Wie solle das praktischerweise aussehen, will Lanz wissen. Der ZDF-Moderator fragt ganz forsch, was in Deutschland passieren solle, damit südlich der Sahara keine armen Menschen in Not geraten oder sogar ihre Kinder sterben. Der Zusammenhang sei ihm weiter nicht klar. Palmer erläutert die Idee dahinter: Die Wirtschaft müsse wieder hochfahren, das würde den armen Menschen auf der Welt mehr helfen.

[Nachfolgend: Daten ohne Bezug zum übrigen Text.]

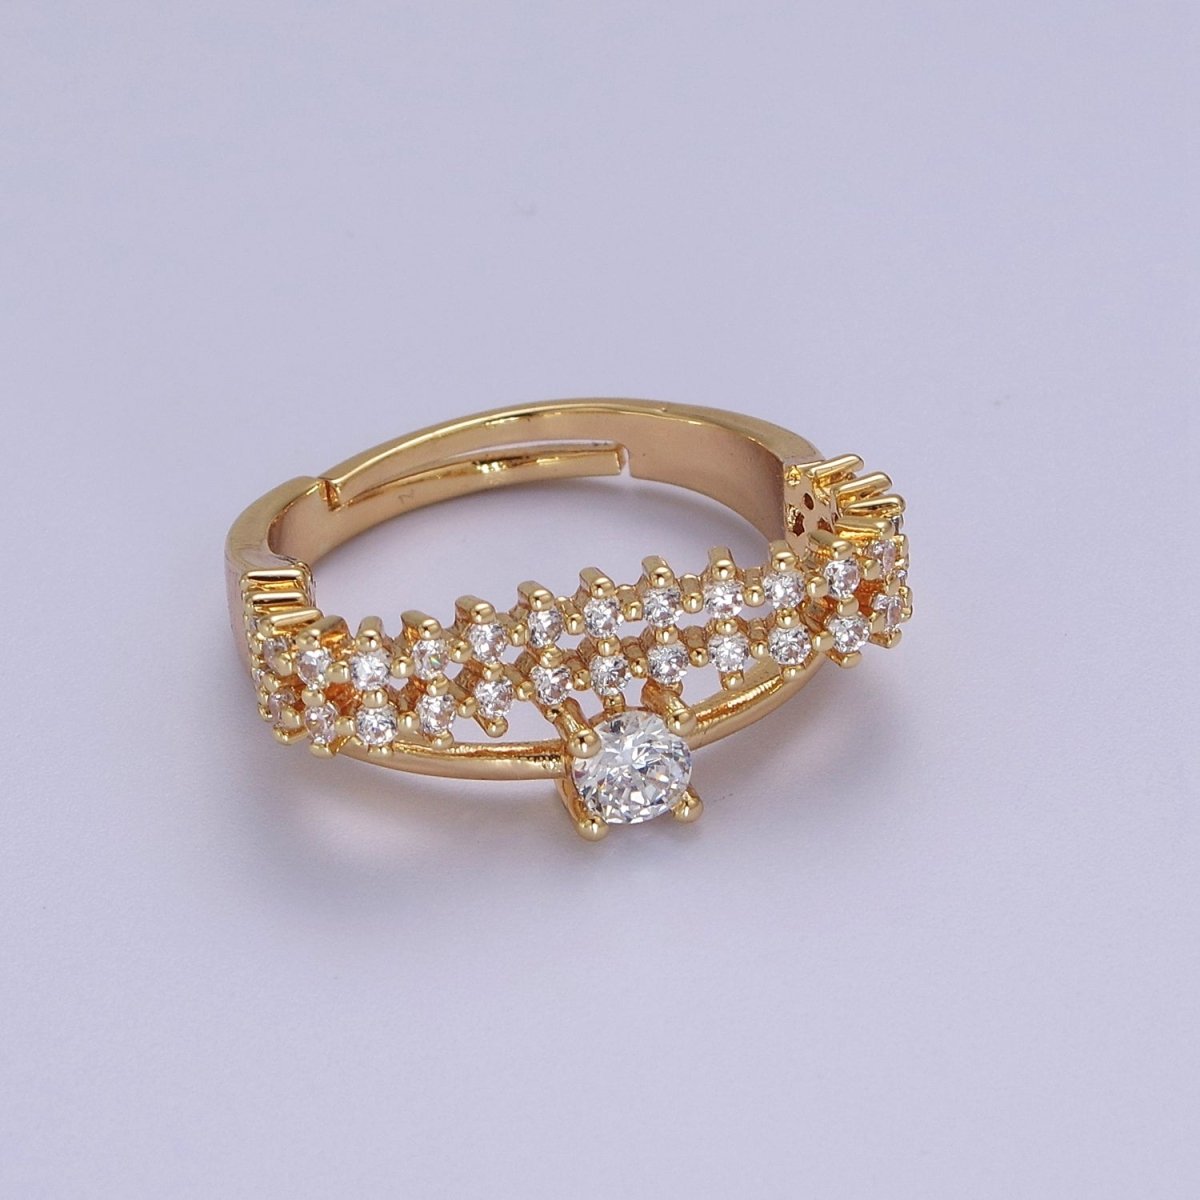 14k Gold Filled Statement Ring, CZ Micro Pave Ring, Everyday Ring, Open Adjustable Ring S-536 - DLUXCA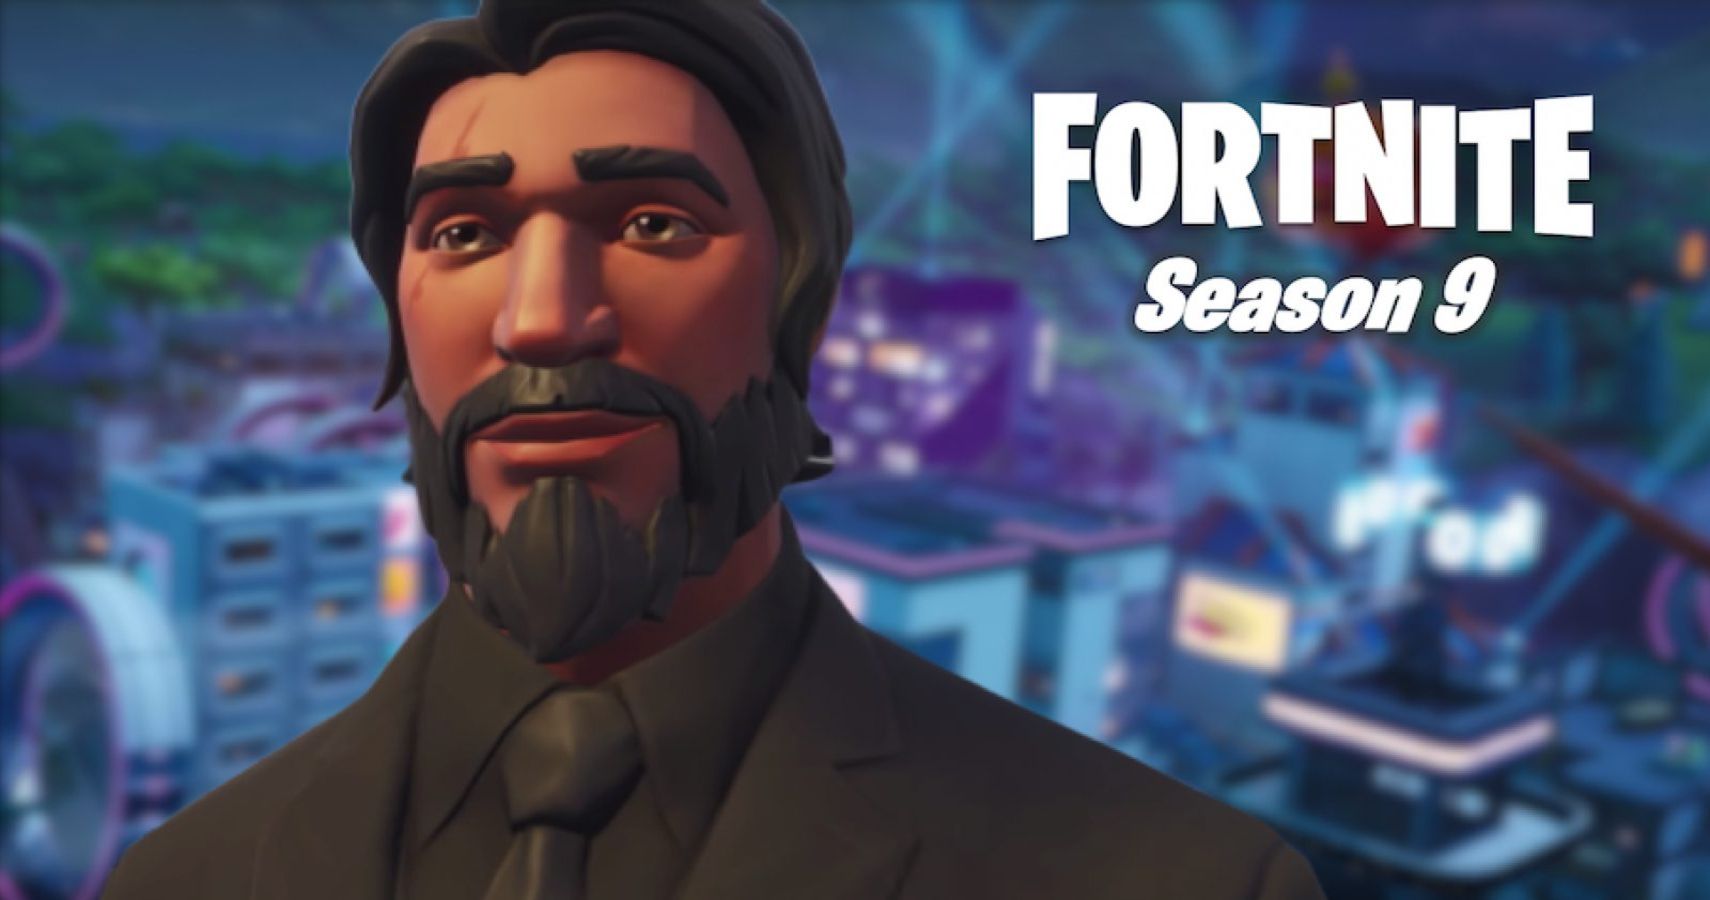 New Fortnite Buildings Could Tease Stranger Things and John Wick Crossovers

SPD-Gesundheitsexperte Lauterbach sieht das sehr kritisch. Er sagt: Wir brauchten kein gigantisches Wirtschaftswachstum, um den armen Kindern in Afrika zu helfen. "Wir könnten beim gleichen Wirtschaftswachstum viel mehr für Kinder in Afrika ausgeben. Das ist allein eine Verteilungsfrage."
Nur: "Wir tun es einfach nicht." Jetzt plötzlich erinnere man sich an die armen Kinder, für die man zehn Jahre lang nichts getan hätte, kritisiert er weiter. Nur alte Menschen zu isolieren, sei außerdem ethisch absolut undenkbar und eine Verletzung der Menschenwürde.
Palmer verteidigt seinen Vorstoß dennoch weiter und erklärt, er wolle die Älteren nicht wegsperren, sondern die Kontakte für die Risikogruppe mehr einschränken, bis es eine App oder mehr Schutzmaßnahmen gebe.
Auch bei der ethischen Frage zu dieser Maßnahme ist er anderer Meinung. Er glaubt, die Älteren würden durchaus mitmachen, wenn die Begründung laute: Die Älteren schützen sich vor dem Virus und die Jüngeren gehen für sie arbeiten und bezahlen ihre Rente.
Lauterbach hielt erneut dagegen. Die Maßnahmen der letzten fünf Wochen hätten nur gewirkt, weil die Jungen eben auch dabei gewesen seien.
Ökonomin Veronika Grimm hingegen findet die Diskussion über Palmers Vorstoß grundsätzlich nicht falsch. Die Frage sei: Wie könne man Gesundheitsschutz und weitere wirtschaftliche Aktivitäten verbinden? Den Vorschlag, die Risikogruppe einfach wegzusperren, halte aber auch sie "für eigentlich nicht realisierbar". Sie kann sich eher vorstellen, dass man Maßnahmen wie Social Distancing in den Risikogruppen kombiniert mit der Nutzung der geplanten Tracing-App, um Infektionsketten zu durchbrechen. "Man sollte sich, glaube ich, trauen, stückweise zu öffnen", um zu schauen, wie es sich entwickelt.
Immer wieder kommt die Diskussion bei Markus Lanz aber auf einen Punkt zurück: Alte Menschen als Schutzmaßnahme wegsperren – ja oder nein? Und eins wird dabei besonders deutlich: Vor allem Lanz geht das Thema nah. So nah, dass es irgendwann aus ihm herausplatzt:
Er verstehe Palmers Gedanken, die Freiheit von wenigen zu beschränken, um die Freiheit von vielen möglich zu machen, erklärt der Moderator. Aber es gehe hier nicht um Datenschutz, sondern um Menschen, teilweise vielleicht am Ende ihres Lebens. Und er habe Bauchschmerzen damit, dass man diese Frage mathematisch kalt erfasse.